Le film trouve sa voie par l’angle singulier abordé. Le
point de départ est l’enterrement du célèbre écrivain Victor Adelman (Nicolas
Bedos) et des confidences que suscite cette disparition à sa compagne de toujours, Sarah (Dora
Tillier). La question sera la place de l’épouse dans la réussite du grand
homme : muse stimulant la création, amante apaisante favorisant
l’inspiration ou présence aussi rassurante qu’invisible ? La réponse sera
plus complexe que cela et ne ménage aucun des deux personnages. Nicolas Bedos
s’amuse ainsi de ses douleurs passées et du narcissisme qu’on lui prête avec le
caractère tourmenté de l’aspirant écrivain Victor. Ce dernier est si autocentré
et frustré qu’il ne sait que se plaindre, hurler sa haine du monde et rester
totalement indifférent à la fascination qu’il exerce sur Sarah.
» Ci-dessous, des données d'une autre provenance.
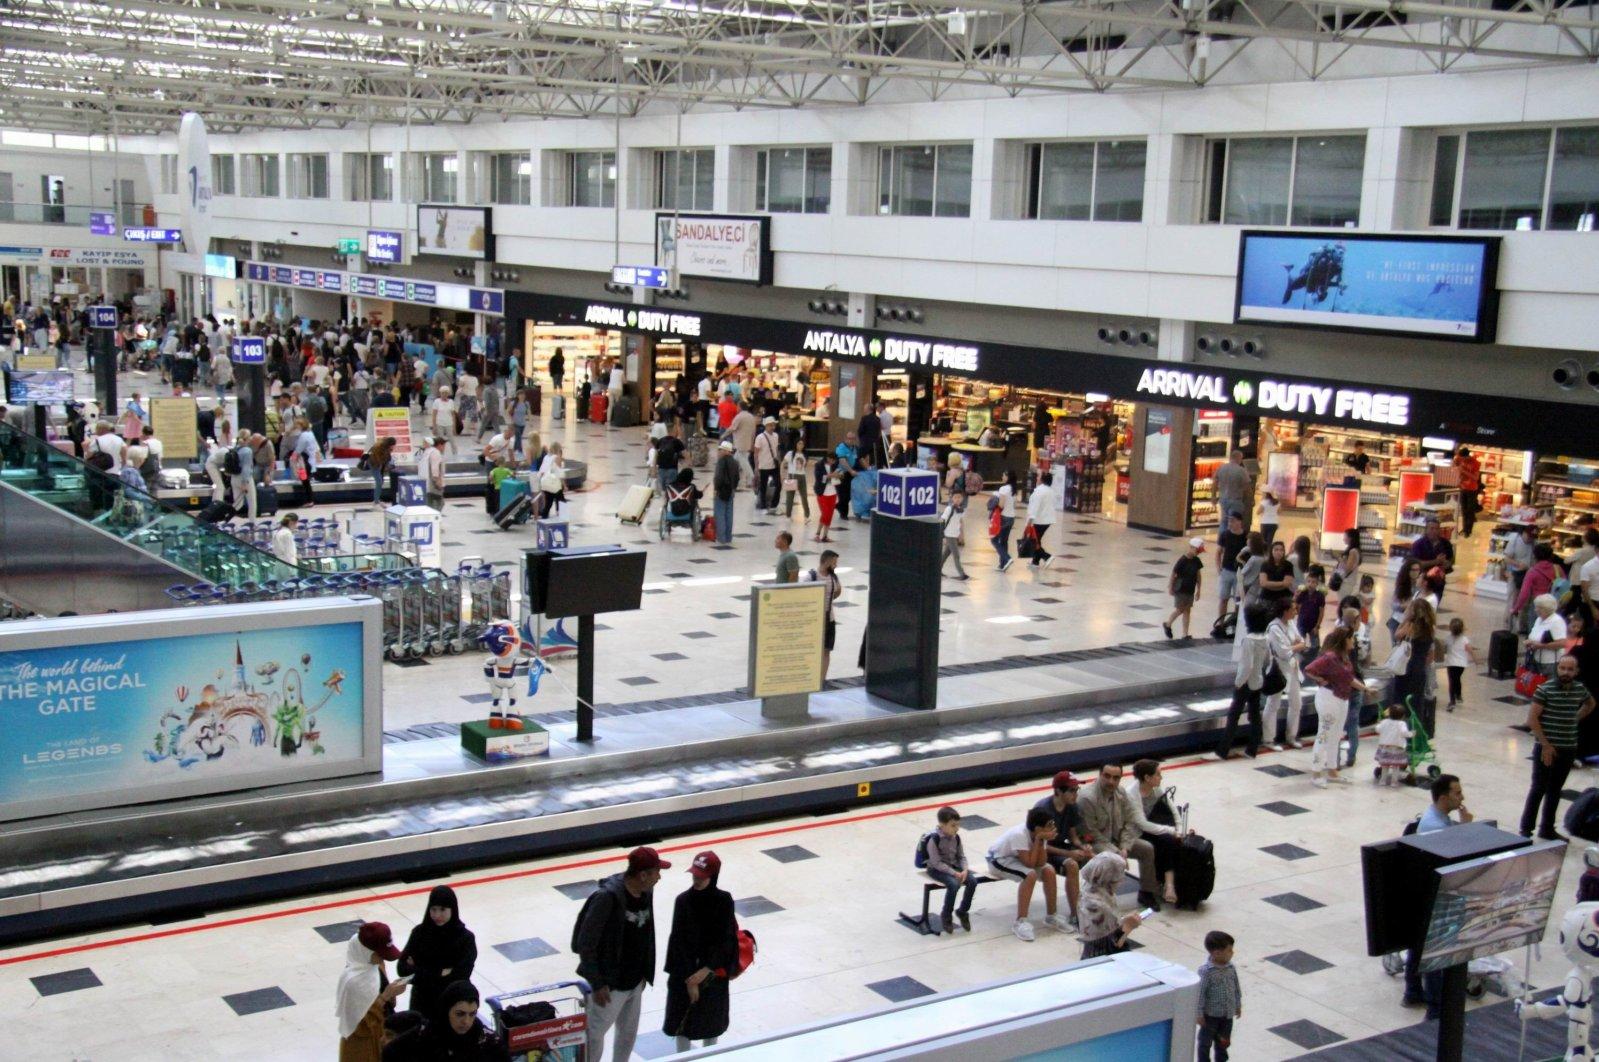 People are seen at Antalya Airport, Antalya, Turkey, Aug. 27, 2018. (IHA Photo)
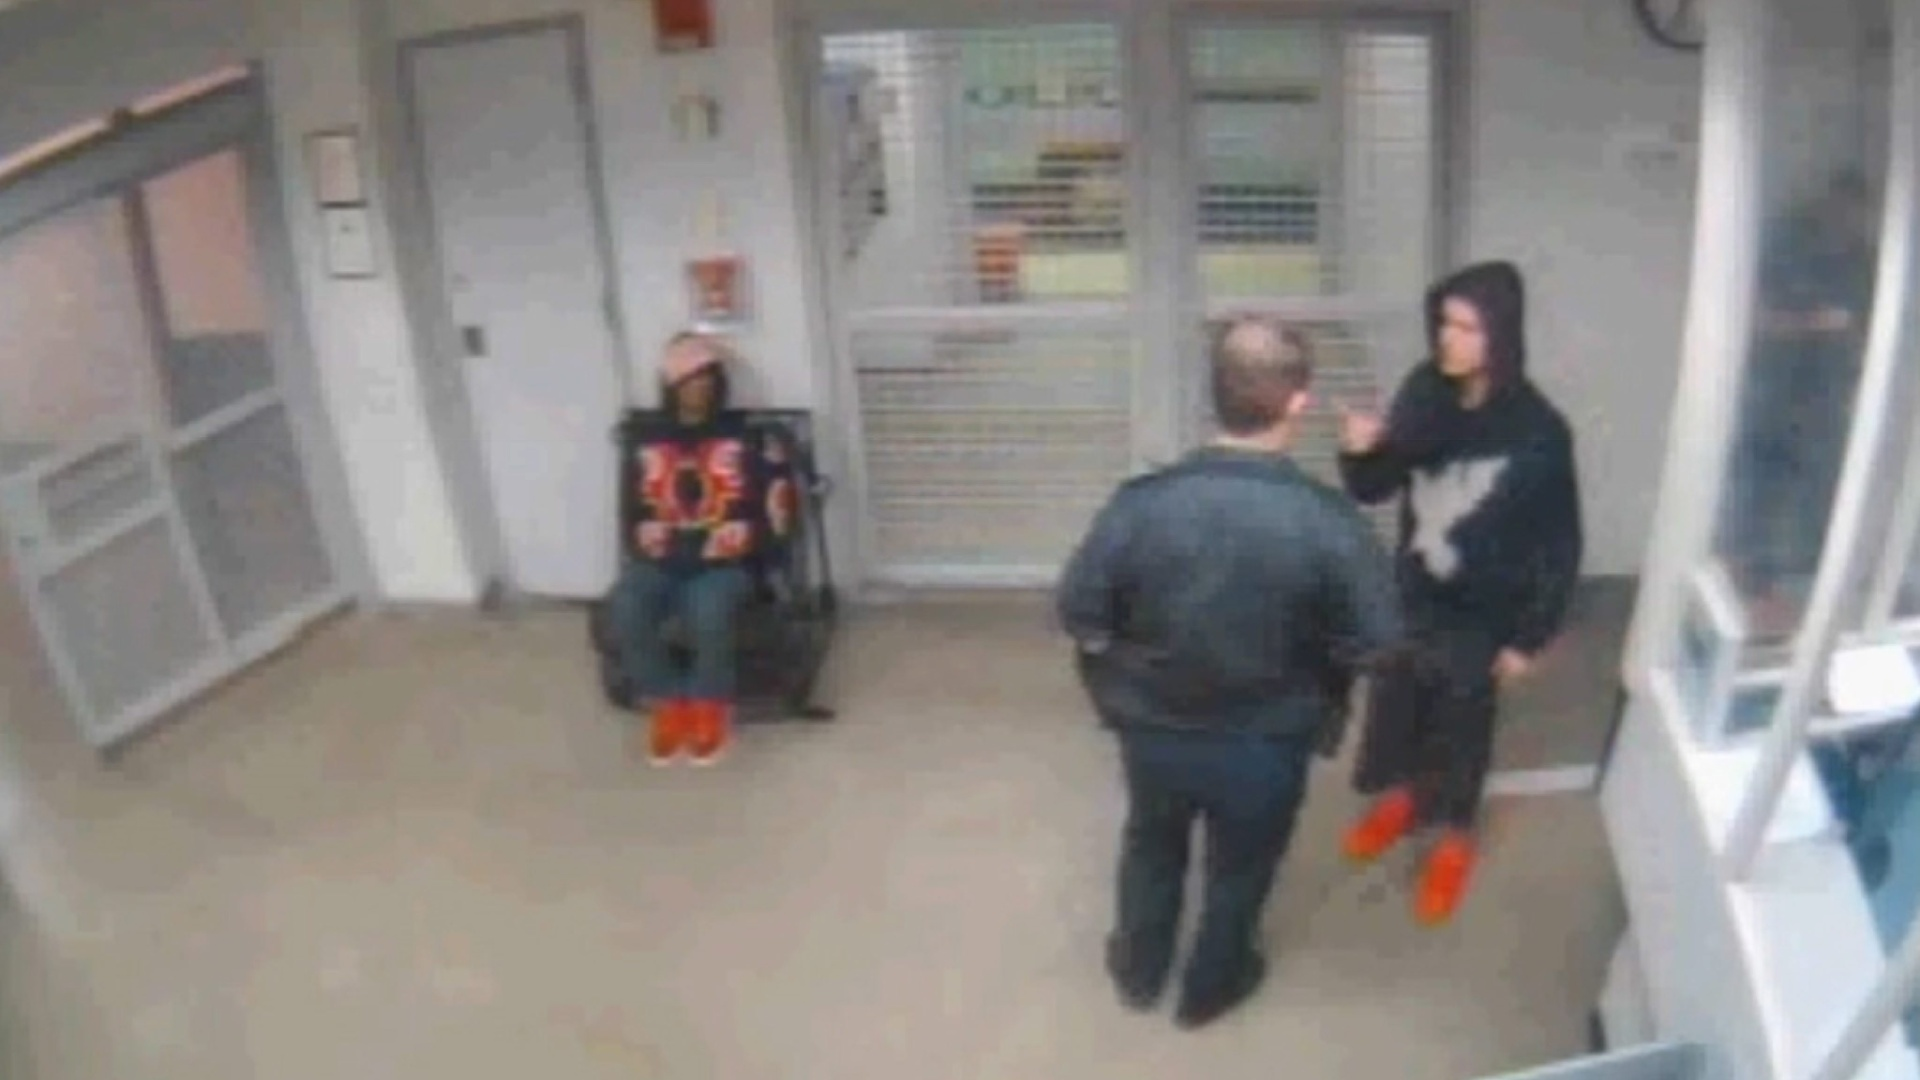 26.fev.2014 - Imagem cedida pelo Departamento de Polícia de Miami mostra o cantor canadense Justin Biber (à dir.) durante teste para determinar embriaguez, depois de sua prisão em Miami Beach, na Flórida

La
caractérisation joue par l’excès pour illustrer cela, le comique vachard
dévoilant la goujaterie de Victor tandis que la stylisation des tenues
changeantes de Sarah sous le prétexte vintage sert en fait son amour
inconditionnel et toutes les identités à prendre pour enfin capter l’attention
de son homme.
La nature de muse fonctionne en opposition à l’entourage de
Victor, la jeune fille moderne et rebelle ayant un attrait pour bousculer une
famille bourgeoise traditionnelle de droite portée par un Pierre Arditi
survolté en patriarche réac – quand à l’inverse la première tentative échouera
avec Sarah en étudiante à l’intelligence castratrice pour le créateur mal dans
sa peau. Nicolas Bedos montre donc un couple se compléter faussement au
détriment de l’effacement assumé de Sarah. L’épanouissement artistique de
l’écrivain se fait par un égo envahissant, une vampirisation de l’autre qui ira
jusqu’à s’approprier son identité juive et son passé dans un rebondissement
étonnant. Là aussi la comédie de situation et le point de vu double constant
(par la voix-off ironique de Sarah ou des situations revisitées comme une
première nuit d’amour maladroite) amène un décalage amusé. La construction en
chapitres se moque ainsi à chaque fois des personnages en les inscrivant dans
leur époque avec un brio formel certain, voir l’épisode « La Thune »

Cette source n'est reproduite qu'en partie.